- _Brief_: Reproduce the data exactly and drop any pictures it holds.

- _Data_:
========

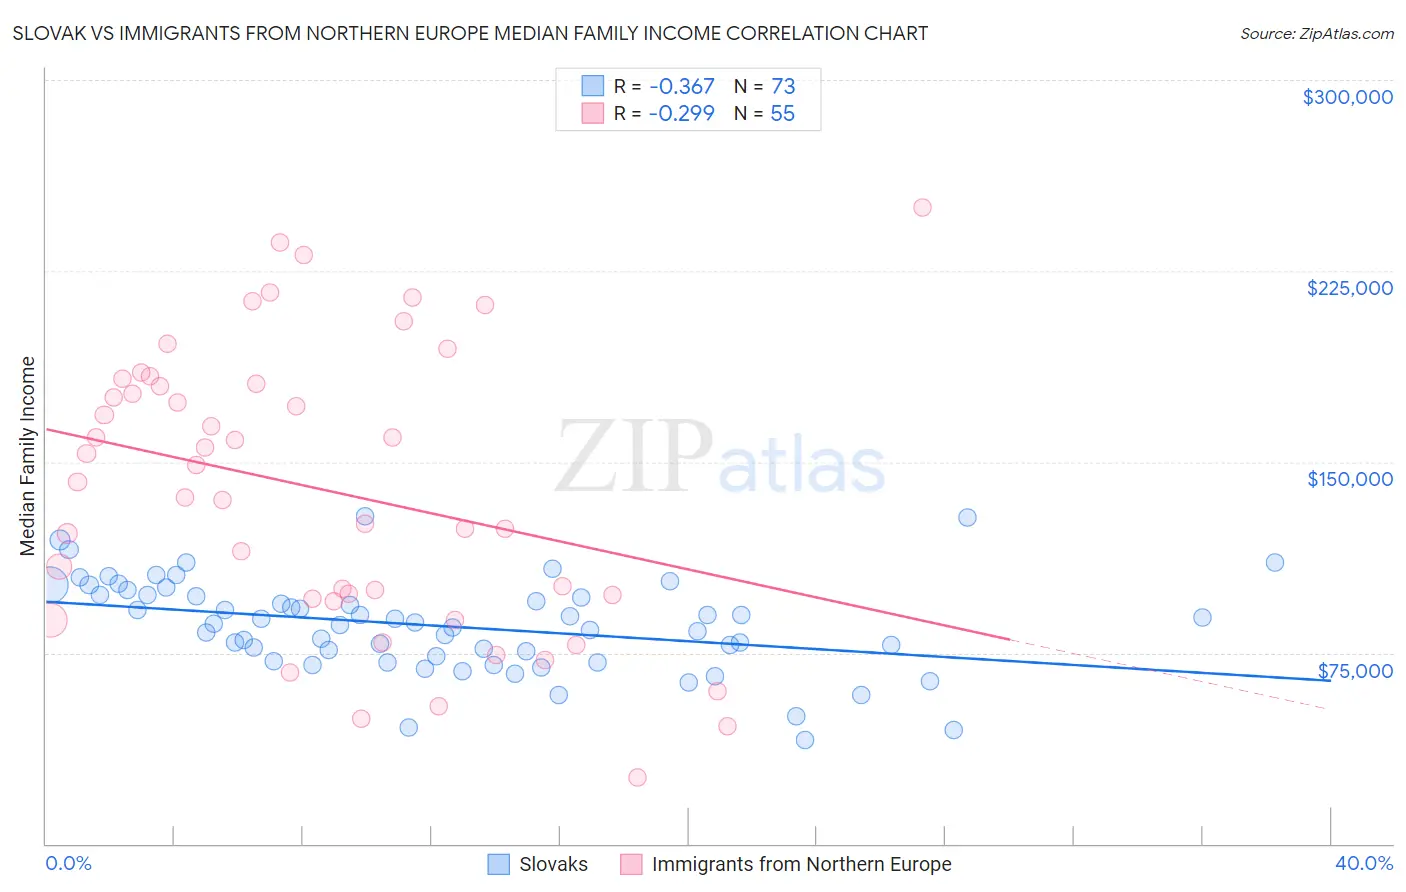 Slovak vs Immigrants from Northern Europe Median Family Income
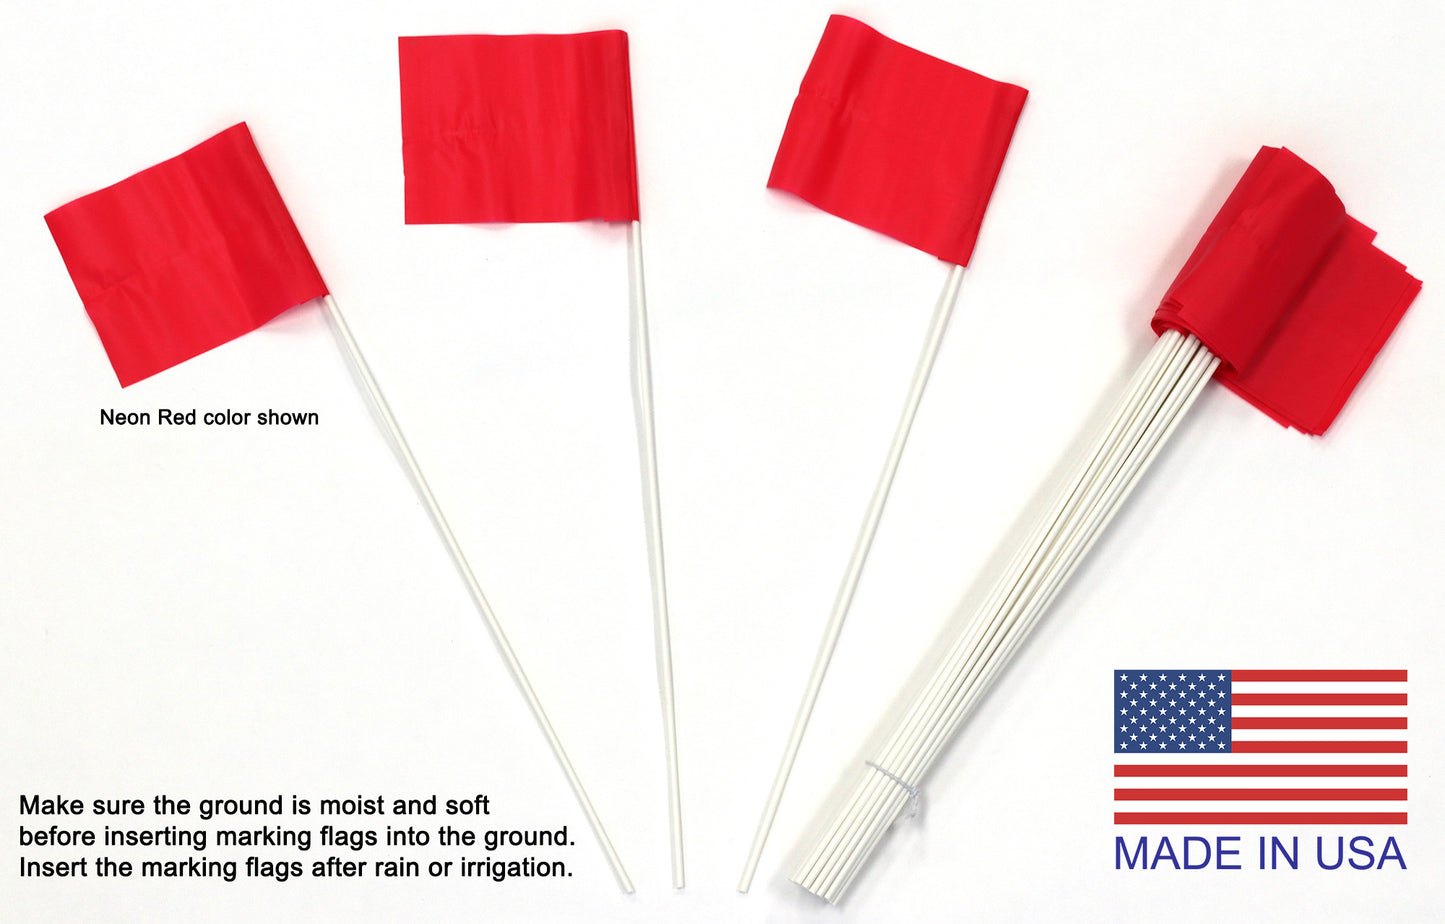 Stake Flags for Marking Sprinkler Heads and Other Objects
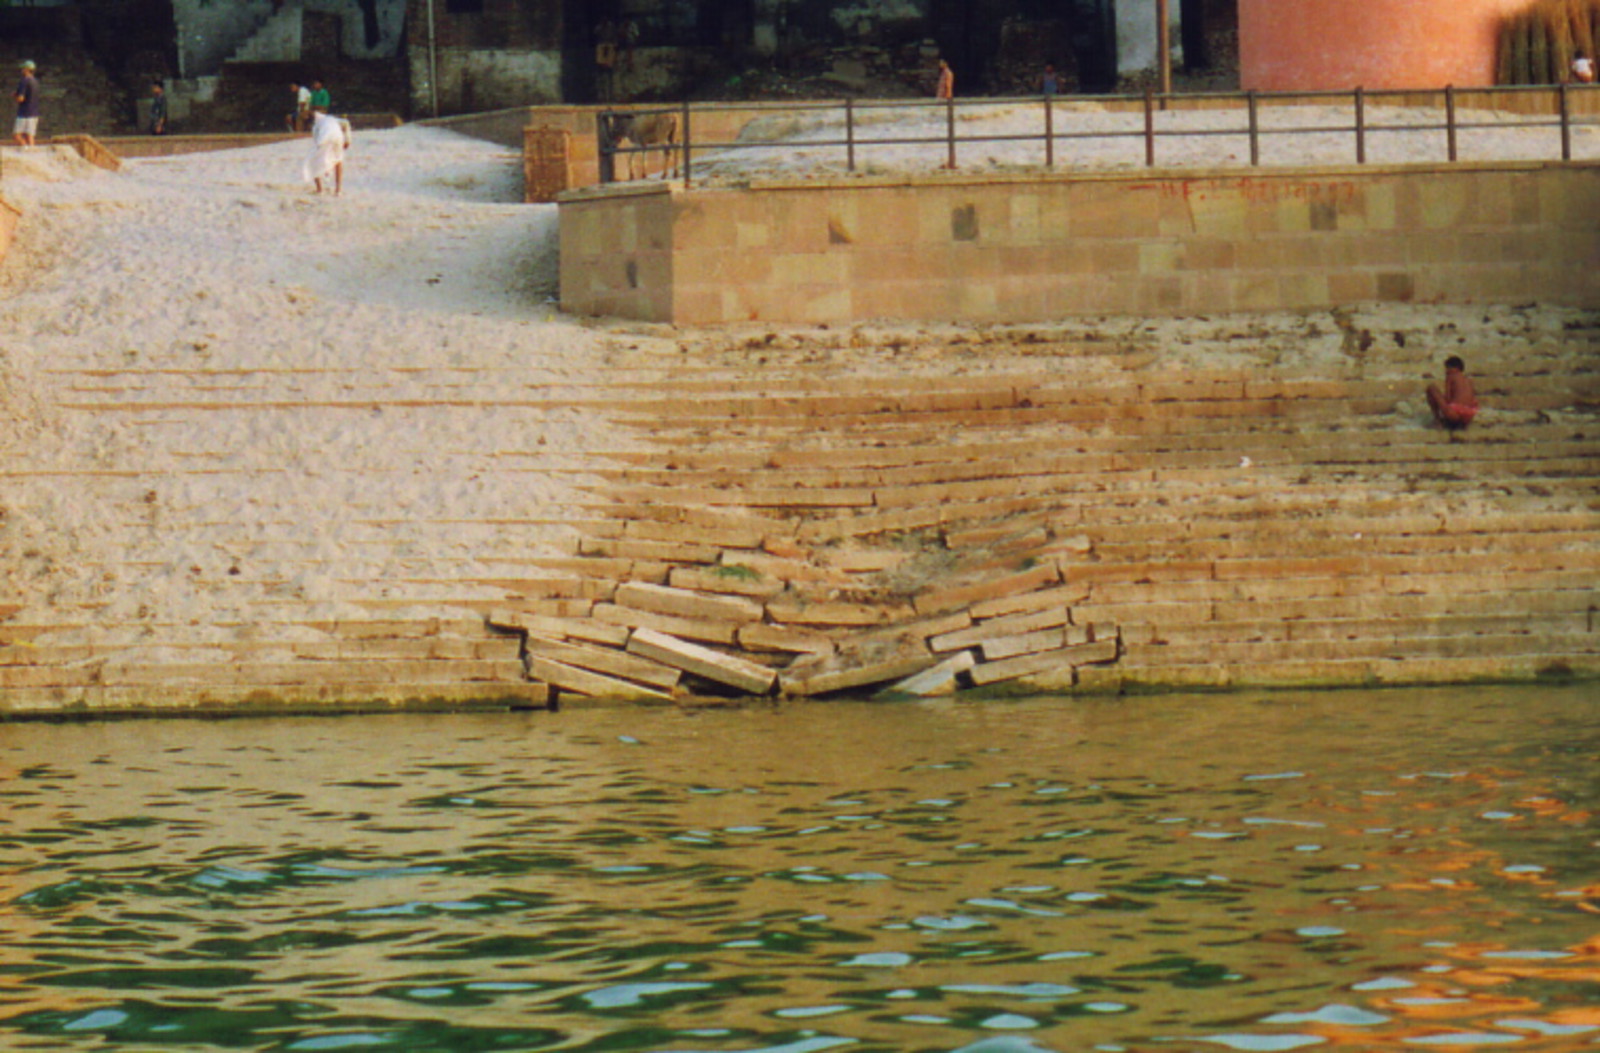 A collapsing ghat by the Ganges

========

- _Exercise output_:
 Slovak vs Immigrants from Northern Europe Median Family Income
 Stake Flags for Marking Sprinkler Heads and Other Objects
 A collapsing ghat by the Ganges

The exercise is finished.